The concept of advanced analytics is a relatively young one. Bill James, one of its earliest pioneers, began publishing his annual (and seminal) “Baseball Abstract” in 1977, describing his progressive approach to statistical analysis in baseball as sabermetrics. As James saw it, a sport that, since its earliest days, had relied almost exclusively on simple “counting stats” in its evaluation of player performance was sorely lacking in nuanced quantifying models that helped better describe true player value.



Specifically, bellwether baseball statistics such as RBIs for hitters and wins for pitchers could be easily understood by anyone remotely familiar with the game. But those figures measured outcomes, heavily influenced by contextual variables such as batting order spot and teammate performance. Having already learned this, James set out to find more reliable statistical methods for determining player success. His innovation of formulas such as runs created for hitters and win shares for pitchers offered a more accurate reading of player contributions to game outcomes.

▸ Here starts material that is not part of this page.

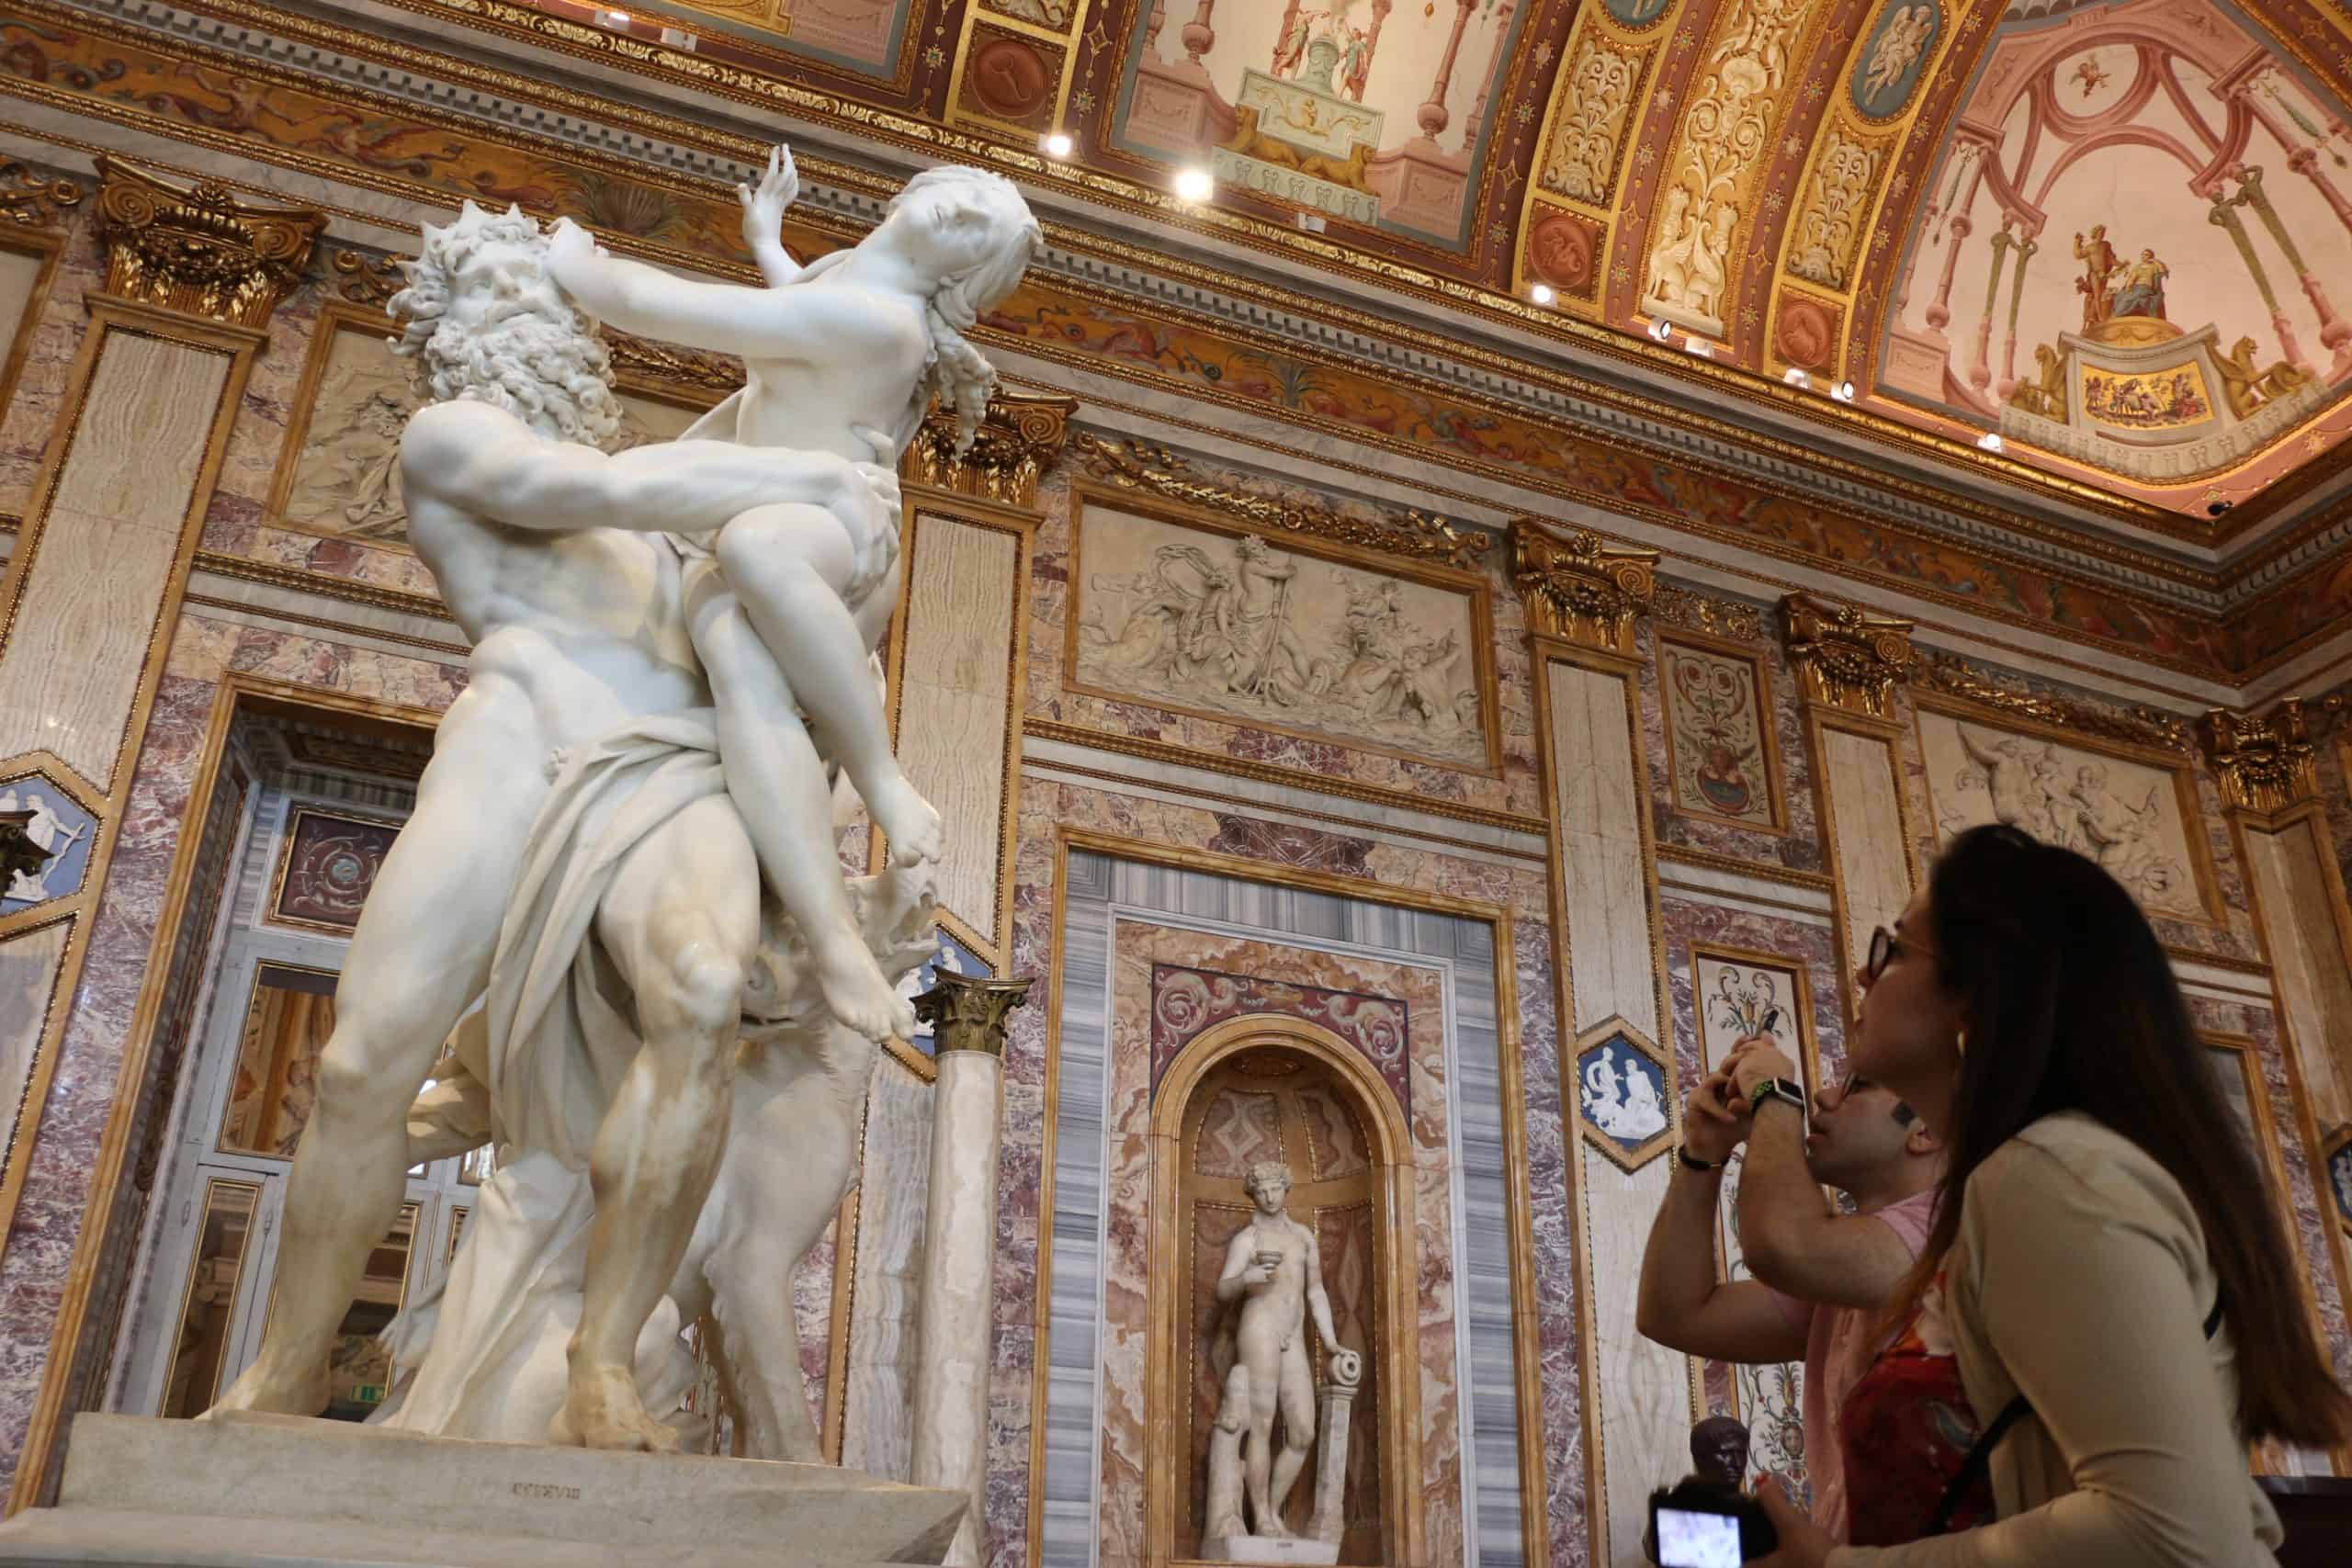 The Rape of Proserpina by Bernini  - things to see in the Borghese Gallery

James would go on to work for the Boston Red Sox as an advisor, and in 2006 was even named one of the 100 most influential people in the world by “Time” magazine. His work, it could be argued, was the muse for baseball’s Moneyball movement. Although initially met with skepticism and, in some cases, open resentment, James’ gift to baseball was a shared language that everyone – first fans, then front office executives, and eventually coaches and players – could understand and speak. That analytics shorthand, which has been replicated in other sports, has become a critical driver for clubs and entire leagues in player performance optimization and the continued improvement and evolution of our games.

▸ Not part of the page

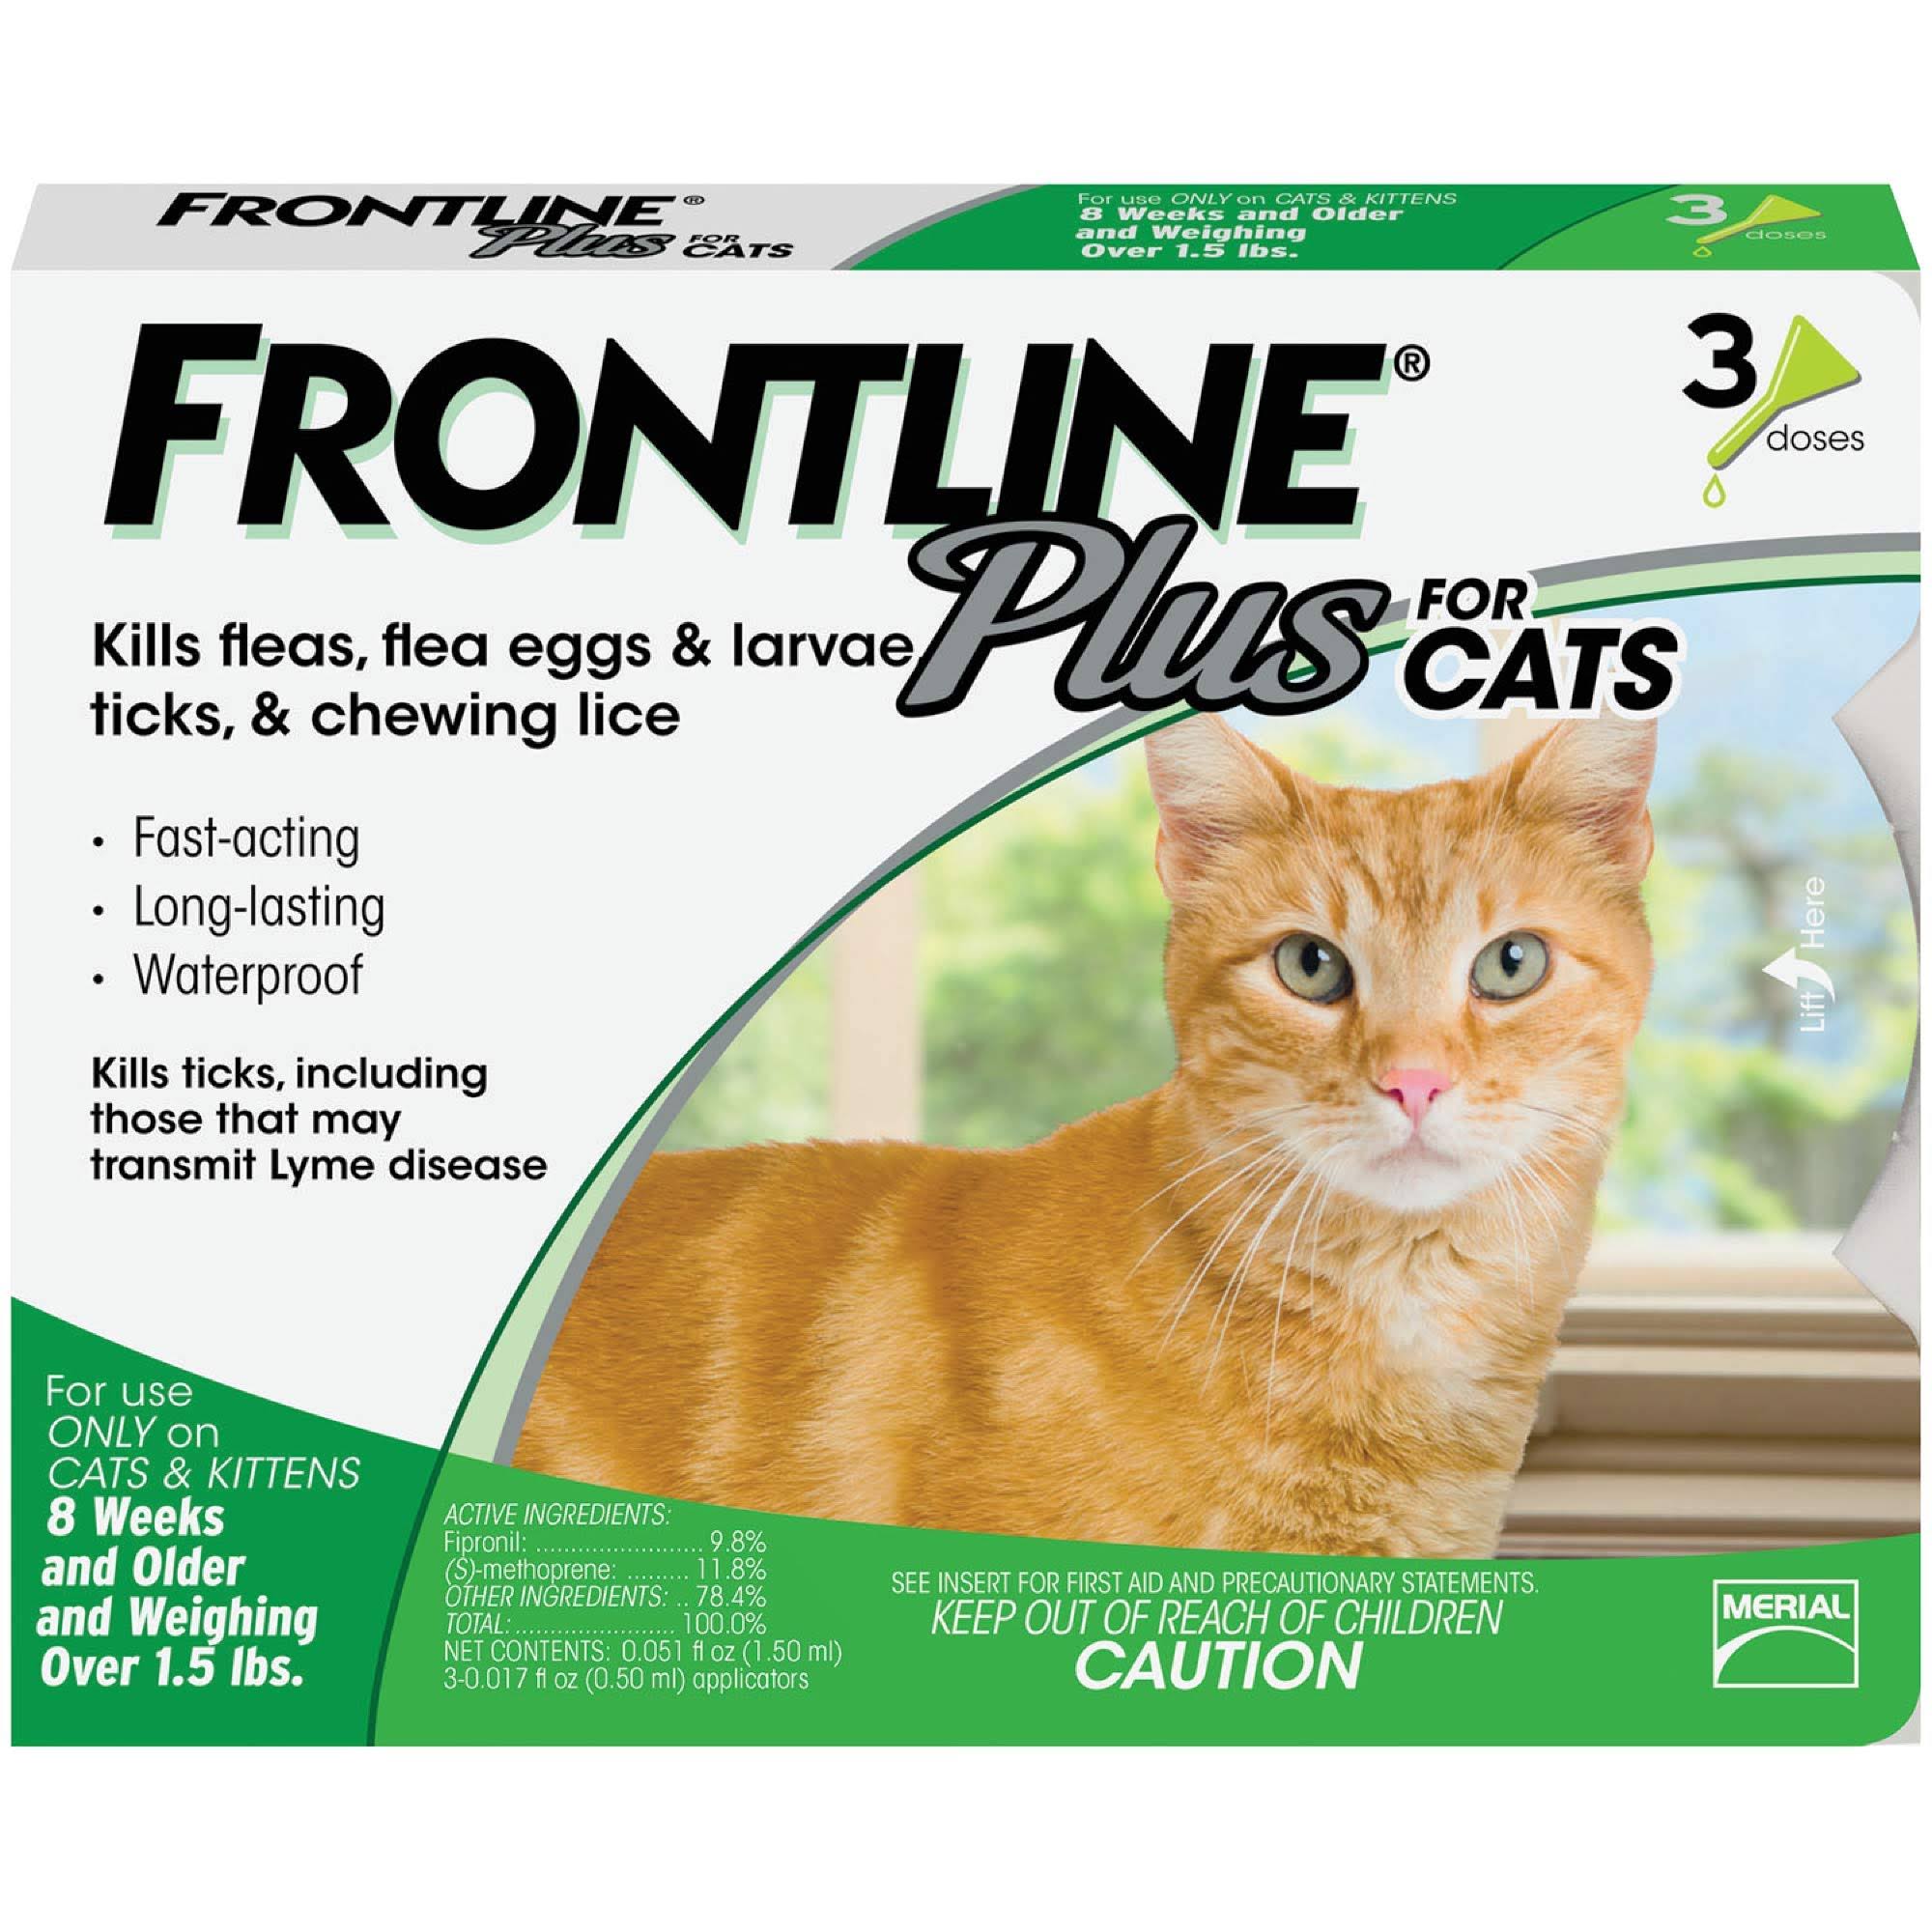 Frontline Plus For Cats - 3 Doses

How Technology Has Supercharged Advanced Analytics

While James and some of his contemporaries helped broaden perspectives across sports with advanced statistical models and new ways of thinking about player value, even their most descriptive analytical innovations had limitations. The rub: although more accurate and detailed in their measurement of player performance than statistics of the past, advanced analytics were only slightly more helpful (if at all) in predicting future performance. Additionally, the statistical inputs could be culled only from game scenarios, which made comparing a player’s value – or potential – to that of another all but impossible in many cases.

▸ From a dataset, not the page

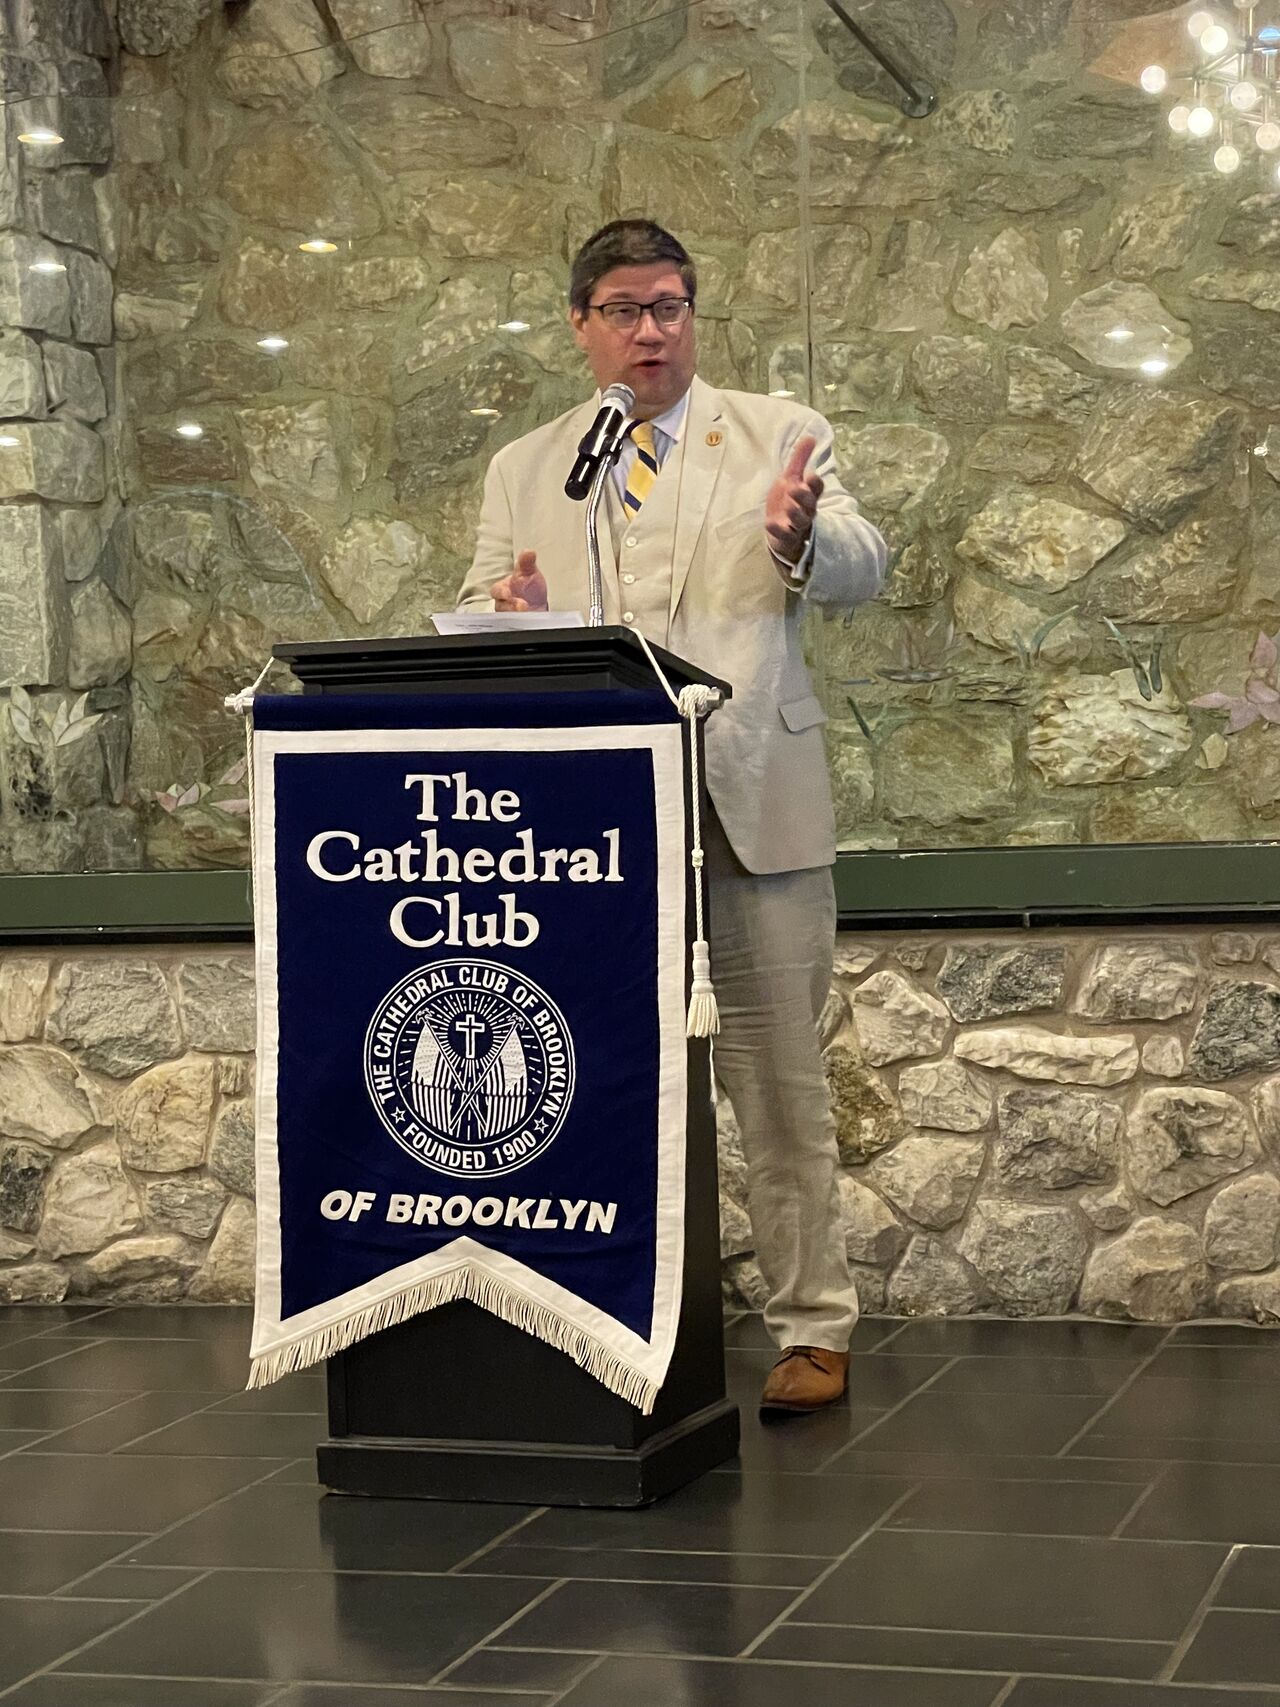 William A. Neri Sr., Esq. delivers a speech at his inauguration as president of the Cathedral Club of Brooklyn during the 125th anniversary celebration.

Enter technology. Whereas tech innovation in sports progressed at a crawl through much of last century, yielding the stopwatch and baseball’s pitching gun, and little else, the past decade has seen an explosion of new tech solutions enter the market. The vast majority of these tools are focused on improving player performance and, notably, measuring kinetic potential. Instead of relying solely on statistics analysis – which, although improved, remains outcome-based and limited by game participation – performance evaluators now have technology resources to track all player movements across games, practices and training sessions, a treasure trove of information that has more predictive value than any statistical model.


Making the Most of Advanced Analytics

Although in-game statistics and kinetic-movement measurements provide player evaluators with distinctly different inputs, both now tend to be tossed into the bucket of advanced analytics, at least in the broadest use of the term. At the end of the day, it’s all data – and data is the currency of the land when attempting to draw conclusions about player value in sports today.

What isn’t discussed nearly as widely as sports’ Big Data revolution is the importance of translating these discoveries – making data digestible, as Bill James once did in baseball, so that all necessary parties could speak a shared language. Sports scientists have the ability to interpret player data collected from performance statistics and technological means. But if they aren’t able to convey those findings organization- or league-wide, to a more diverse audience, the opportunity to share and discuss these insights through collective analysis and evaluation is lost.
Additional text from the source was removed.